In average, the first 17 days of December 2009 were 0.10 °C warmer than the same days in 2008. The "2009 minus 2008" differences for the month are

{7, 12, 22, 26, 34, 34, 17, 2, -1, 2, 1, -3, 1, 3, 3, -3, 7, f, f, f, 34, 22, 17, 10, 1, -2, -9, -4, 6, 14, f}in units of 0.01 °C. Because the December 2008 UAH anomaly was just 0.18 °C, the December 2009 anomaly will be 0.28 °C plus minus 0.05 °C (standard deviation of my estimate).

**Update, January 1st, 2010**: the rest of the month had the same average anomaly. I expect the final reading for December 2009 to be 0.28 °C plus minus 0.02 °C.

**Update, January 5th, 2010**: my preliminary Dec 19th calculation 0.28 °C was exactly correct, see WUWT.

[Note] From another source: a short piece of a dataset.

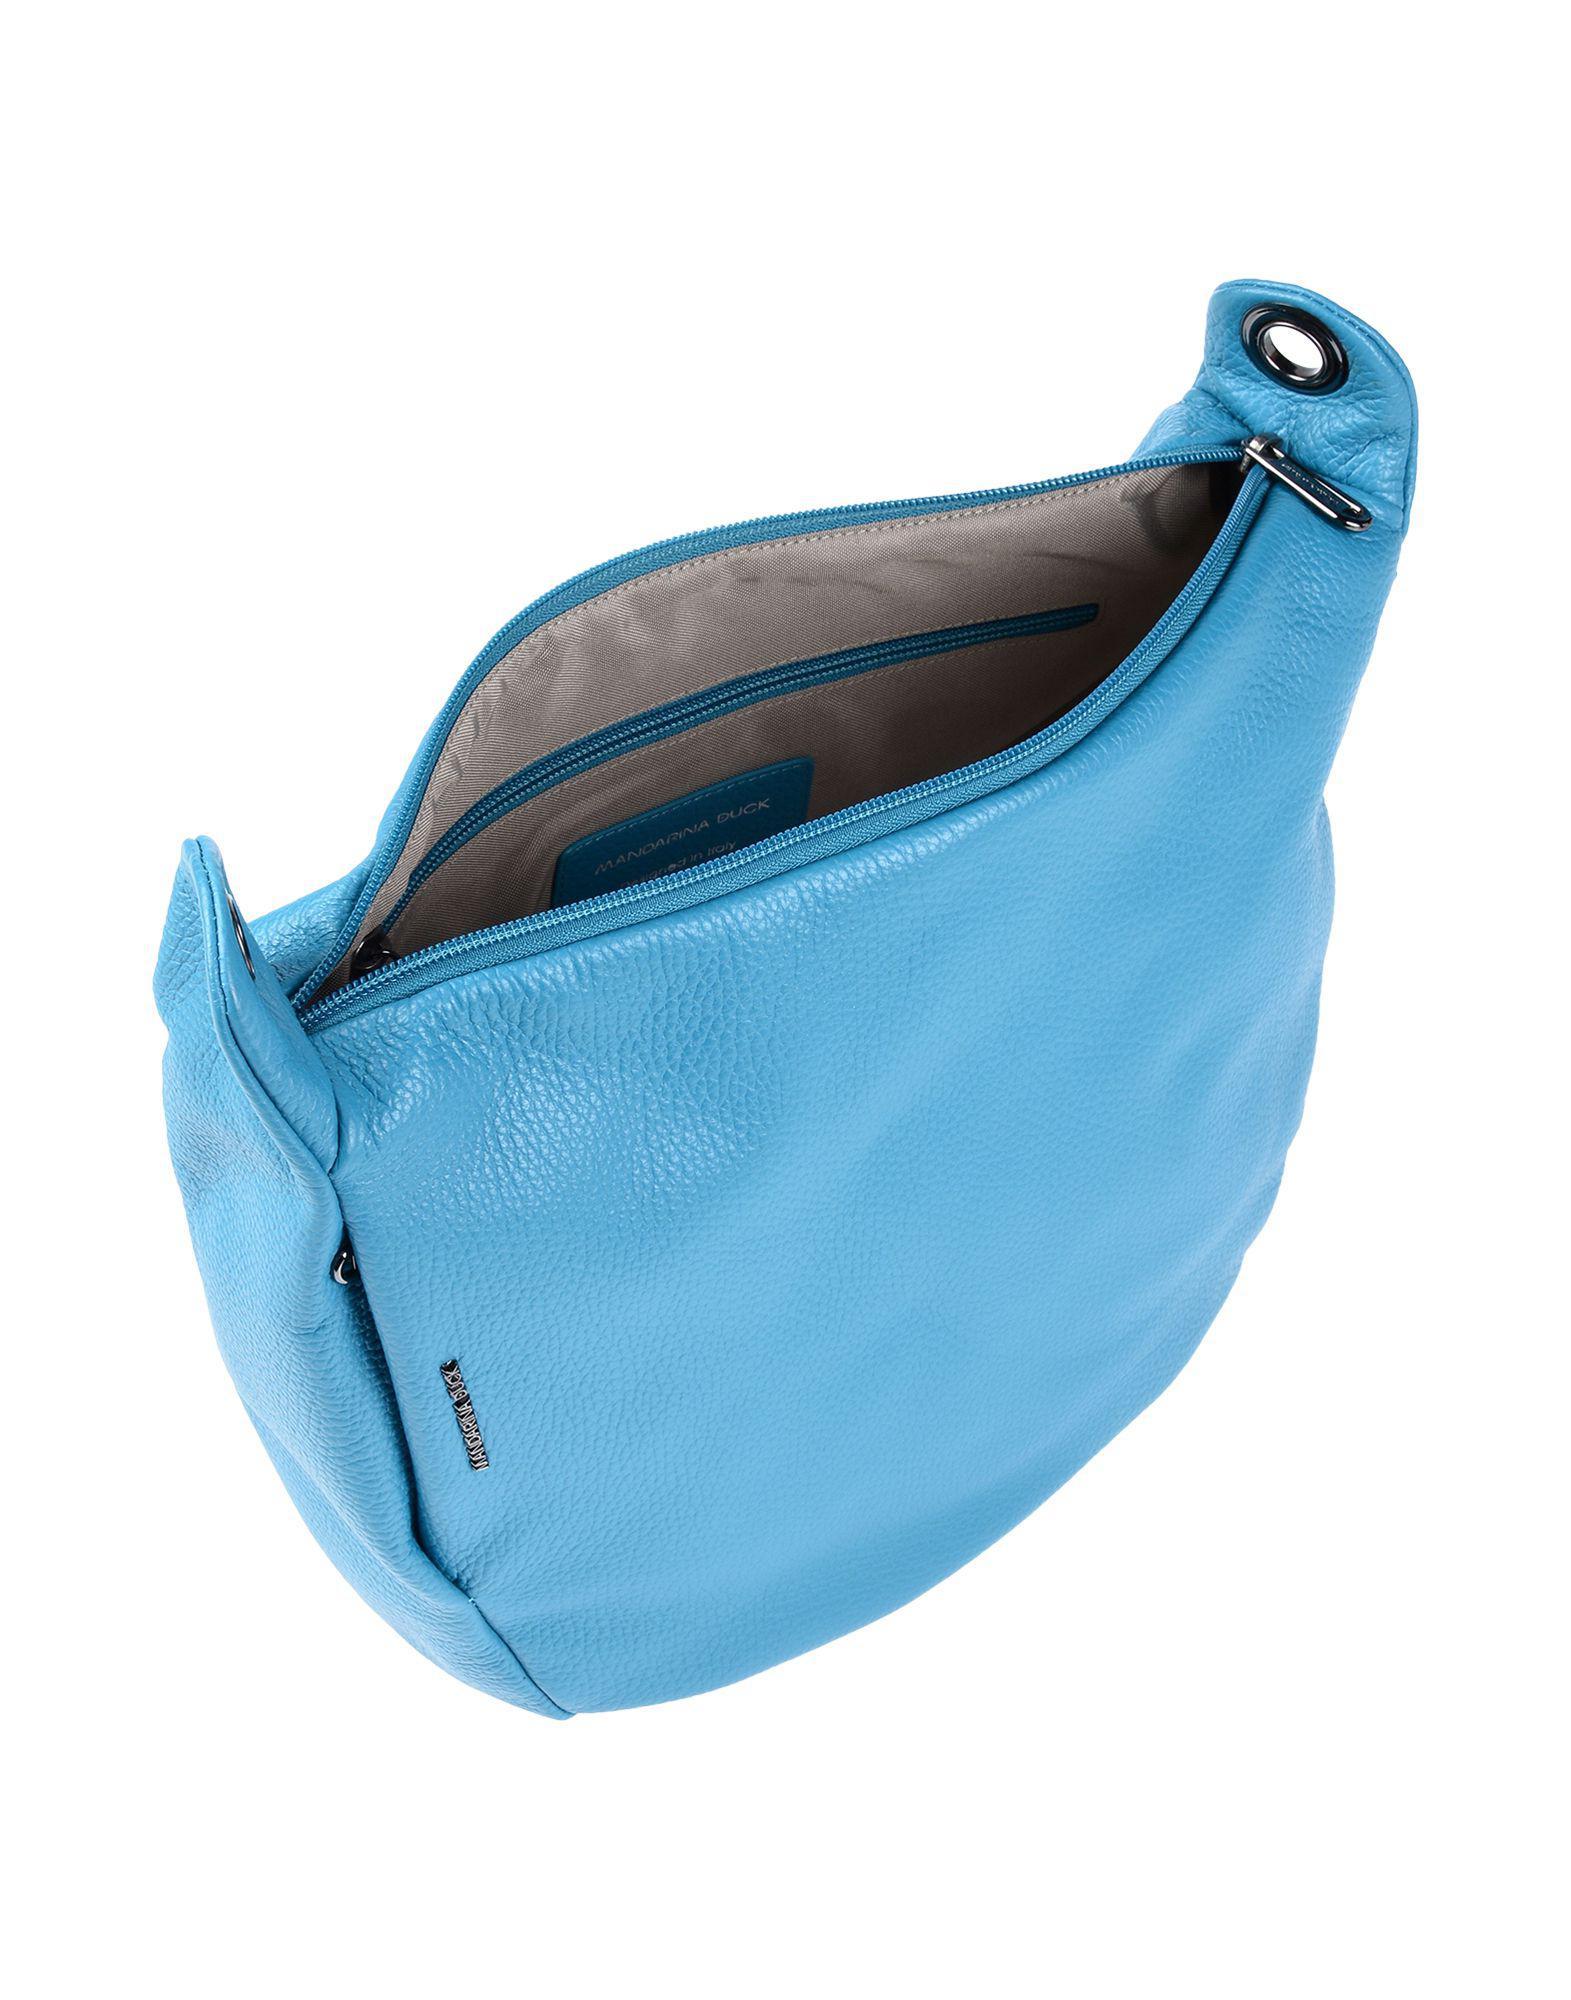 29be7ea9d Mandarina Duck - Blue Bolso con bandolera - Lyst. Ver en pantalla completa

To summarize, the 2009 monthly UAH anomalies are

{0.3, 0.35, 0.21, 0.09, 0.05, 0.01, 0.42, 0.23, 0.42, 0.29, 0.5, 0.28}and their average is 0.263 °C plus minus 0.005 °C which is statistically indistinguishable from 2006.

The annual UAH anomalies from 1995 to 2009 are:

{0.11, 0.02, 0.05, 0.51, 0.04, 0.04, 0.2, 0.31, 0.28, 0.19, 0.34, 0.26, 0.28, 0.05, 0.26}Among these 15 years, 2009 will be cooler than 1998, 2005, 2002, 2007, 2003, and maybe 2006, so it will be just the 6th or 7th warmest year - pretty much exactly in the middle of the last 15 years' scoreboard. A global warming trend continues to be absent despite the very strong El Nino episode that has been affecting the weather for more than half a year and that may match the 1998 El Nino of the century in the near future.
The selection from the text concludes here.